What's New in Docker + Wasm Technical Preview 2
Back in October 2022, the Docker organization had some pretty exciting news. They released a technical preview of Docker Desktop that had a new ability: to run Wasm bytecode. At the end of March 2023, we got another interesting release: Docker + Wasm Technical Preview 2. Let's see what new possibilities this brings to us.
But first, just in case you are unfamiliar with Wasm, we've got you covered! You can read our previous blog post where we discussed in-depth what WebAssembly (Wasm) is and why it might be a game changer in the future. If you want the short version, here is what Wasm brings to the table.
Advantages of Using WebAssembly
- Run anywhere (Portability): WebAssembly lets us write our code, compile it to Wasm bytecode then run it virtually anywhere. If you're a developer, you know what a hassle it can be to compile your app for multiple operating systems and CPU architectures. Now you don't have to worry about that. Write your code, compile to Wasm bytecode, get a .wasm file, run it anywhere.
- Security and isolation by default: Wasm bytecode runs in a virtual stack machine. This is something vaguely similar to a virtual machine. So you get isolation out-of-the-box. And there are a few awesome security features baked in as well.
- Super small Wasm images: When code is compiled, the resulting .wasm file containing the bytecode is very small. Much smaller than a typical container image.
- Fast startup times: Reduced file size and simplicity lead to much faster startup times.
- Reduced resource usage: Since WebAssembly bytecode is usually contained in a very small file, executing that code requires less RAM, less disk space, and even less CPU time in some cases. This can significantly reduce infrastructure costs. You can simply run more stuff on the same infrastructure.
Will Wasm Explode in Popularity Now?
Wasm is very interesting from a technical perspective. But some people are still skeptical. They think WebAssembly has been around for a long time, and nothing really changed dramatically. But that was the case for containers as well. You see, containers existed for a very long time, even before Docker.
But only after Docker came along did container tech explode in popularity. And this will probably be the case for Wasm as well. Something will come along, simplify things, and bring in a lot of new possibilities. And Docker seems to want to be that "something" again, but they just got started.
Will Wasm revolutionize things in the future? Time will tell. Now, let's get to the main theme of this blog post.
What's New in Docker + Wasm Technical Preview 2?
The first technical preview paved the way for Wasm to enter the Docker scene. This adds some benefits to standalone WebAssembly. It is now much easier to package "Wasm container" images and then ship and run them on servers. An interesting use case is shipping Wasm workloads to Kubernetes clusters.

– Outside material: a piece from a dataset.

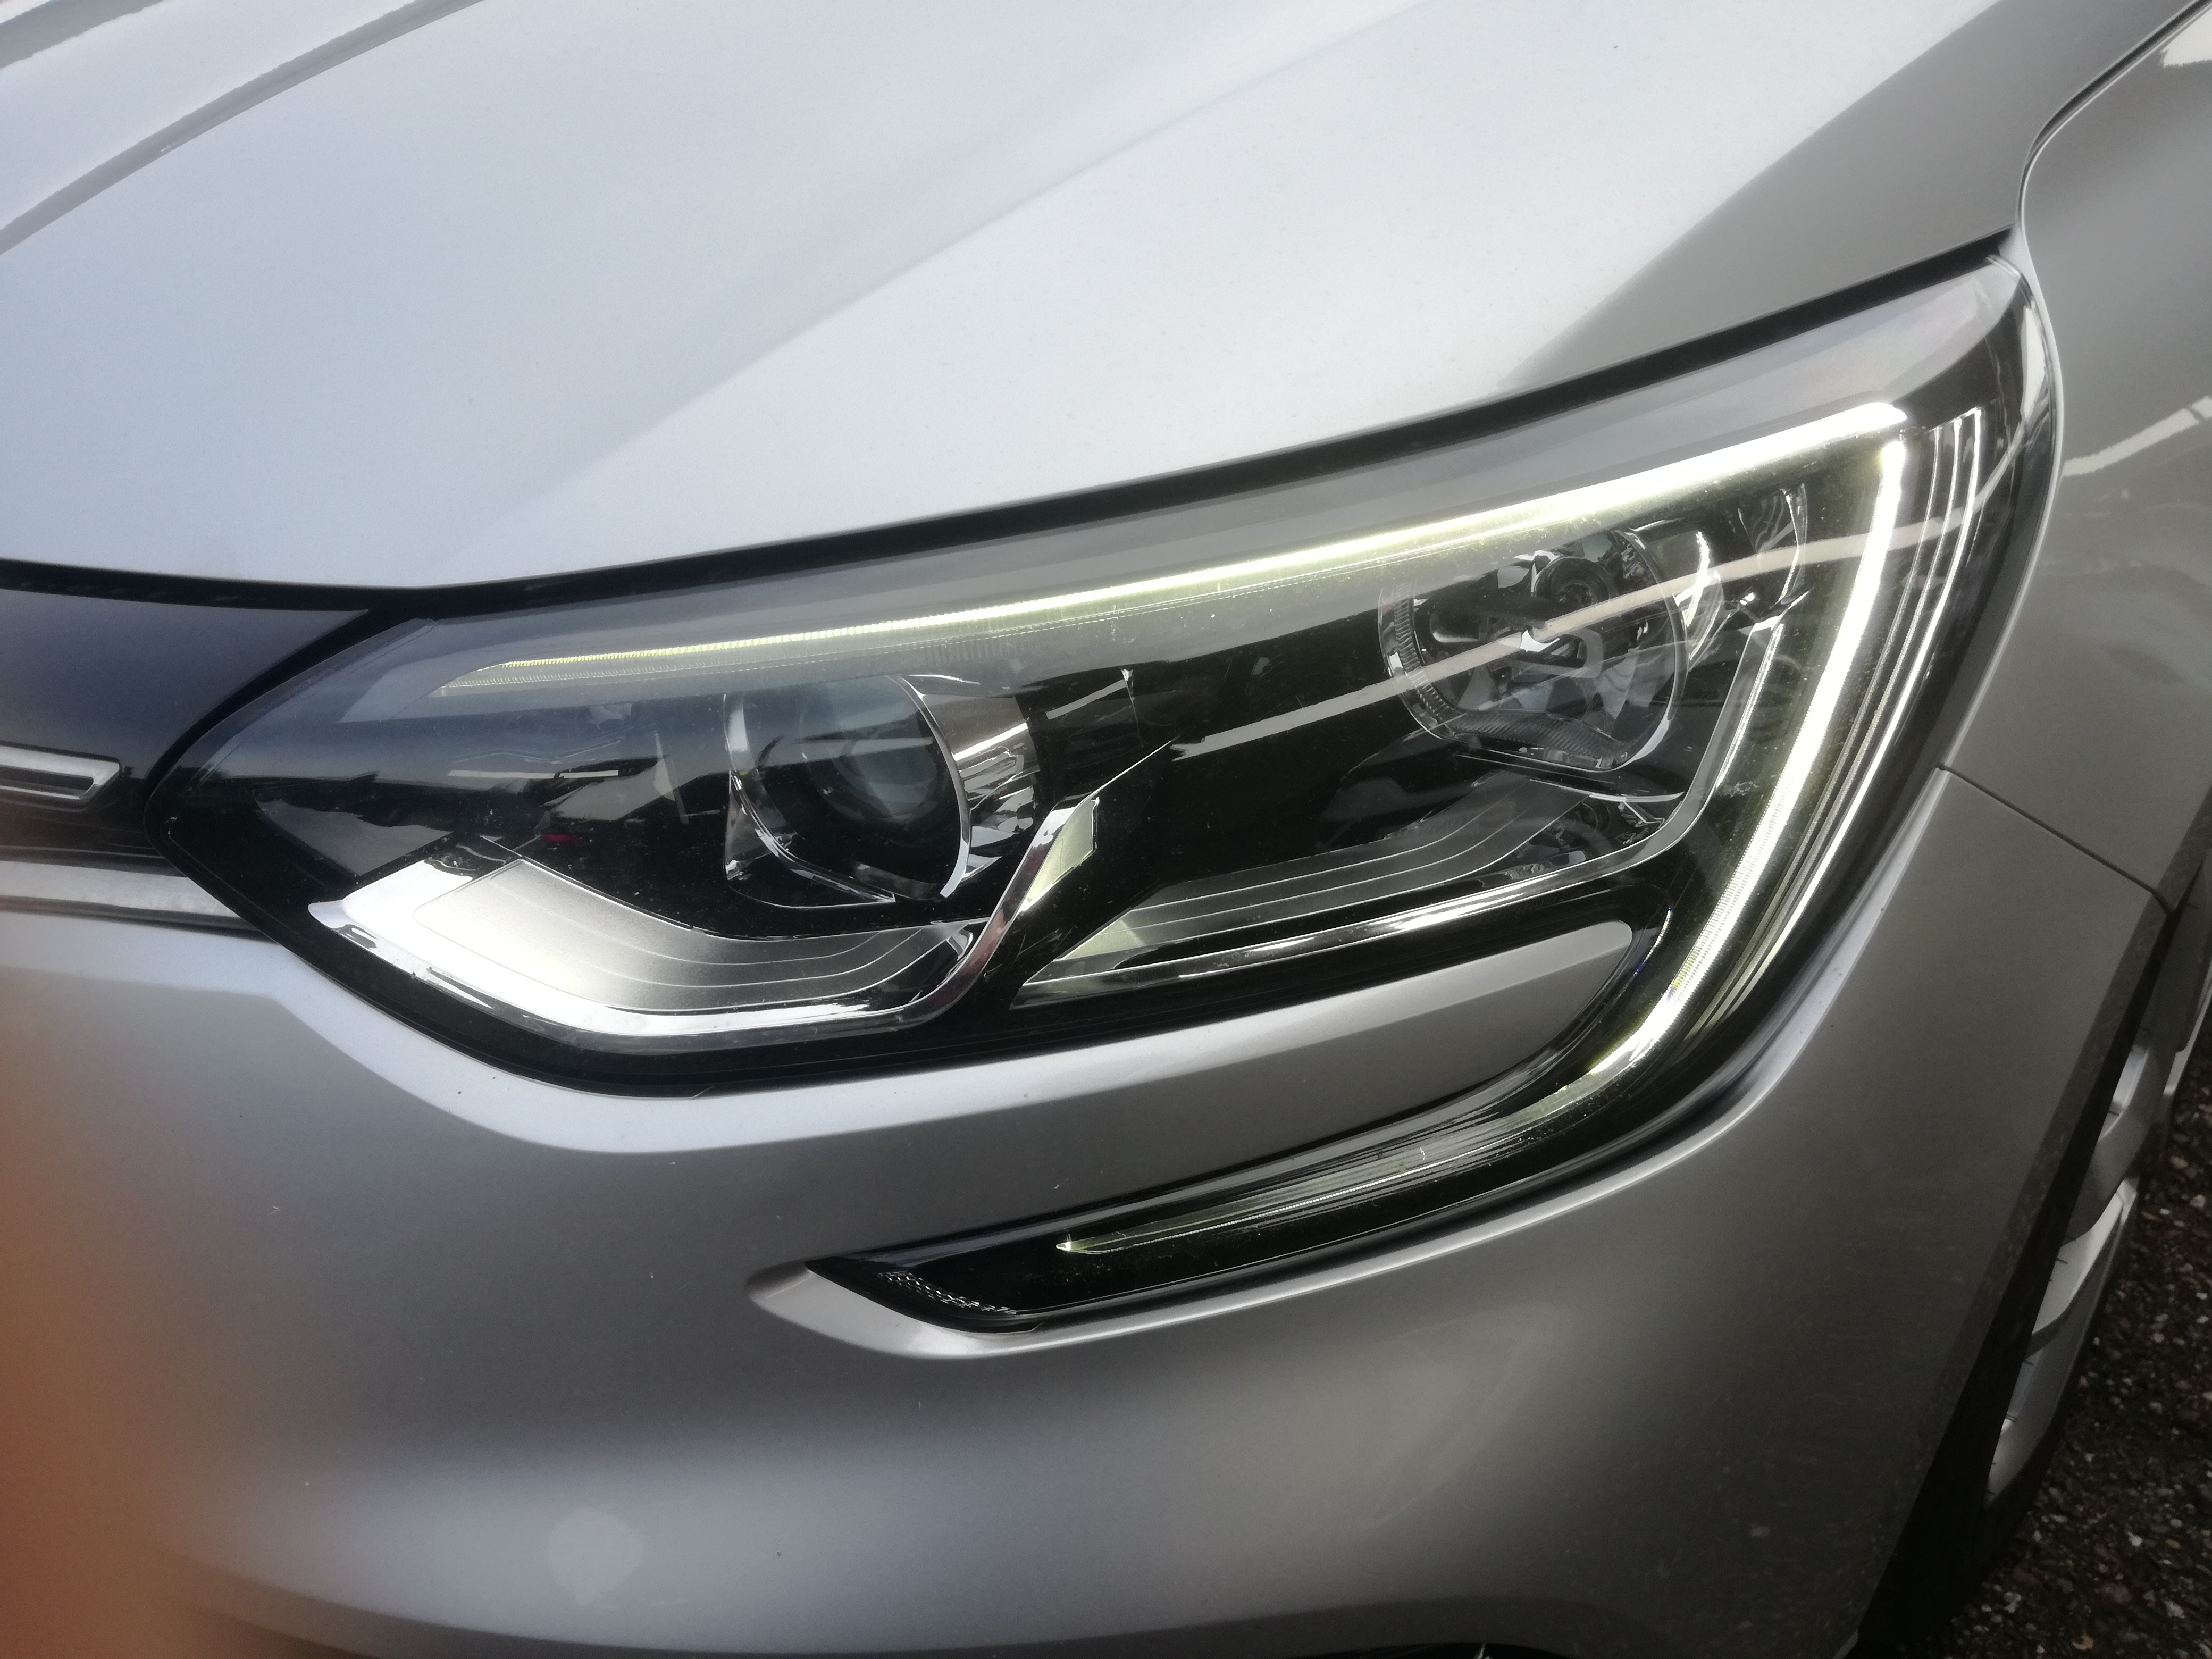 Renault Mégane SPORTS TOURER 1.5 DCI 110cv | Imagem 15
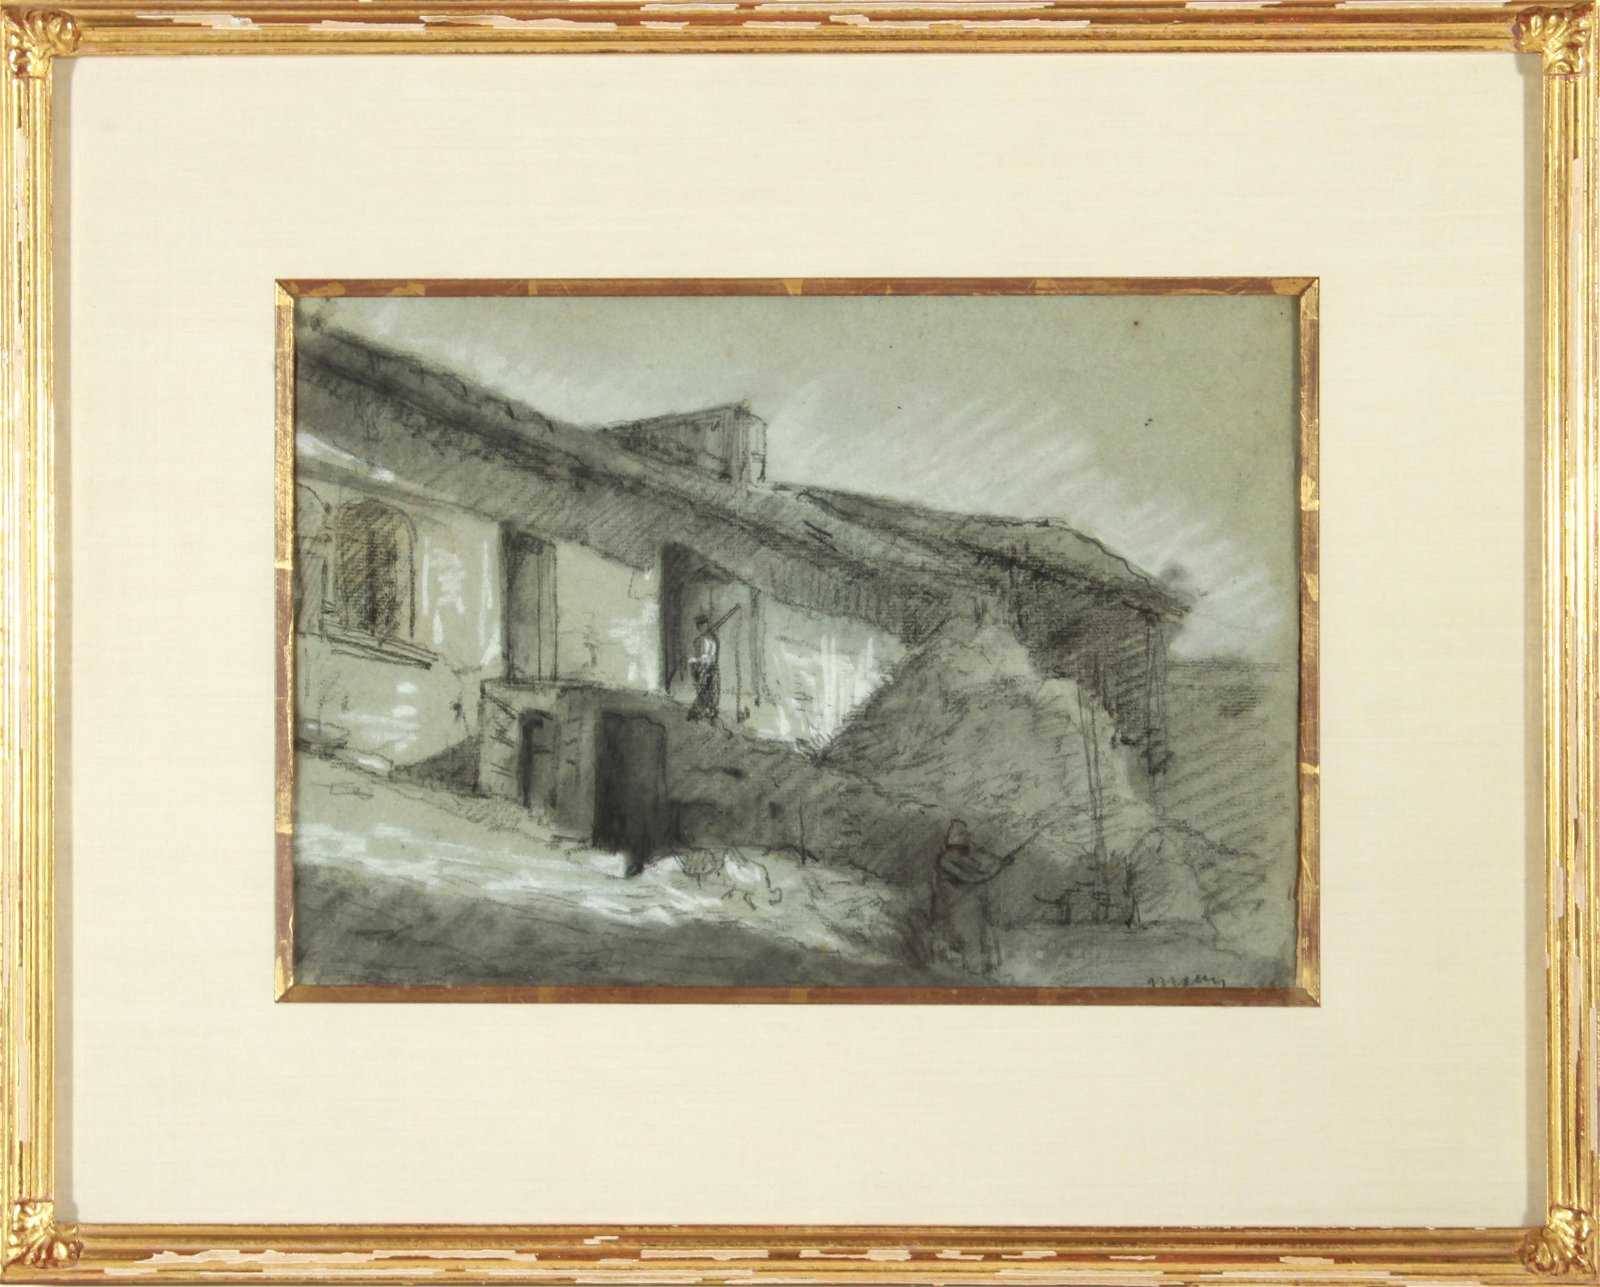 Charles Maurin Farm House Charcoal & Chalk Drawing

So, what does the second technical preview add to the table?
If you've worked with Linux infrastructure and open-source for a long time, you'll know one great advantage of this world: freedom of choice! Everything is modular. You can replace components in your software infrastructure as you see fit.
Is the default container runtime in Kubernetes not working well for your specific use case? You can pull out the old runtime and replace it with another one. Is the default filesystem in Ubuntu not performing well enough with your workload? You can switch to another filesystem. Nothing is fixed. Everything can be modified, adapted, or replaced.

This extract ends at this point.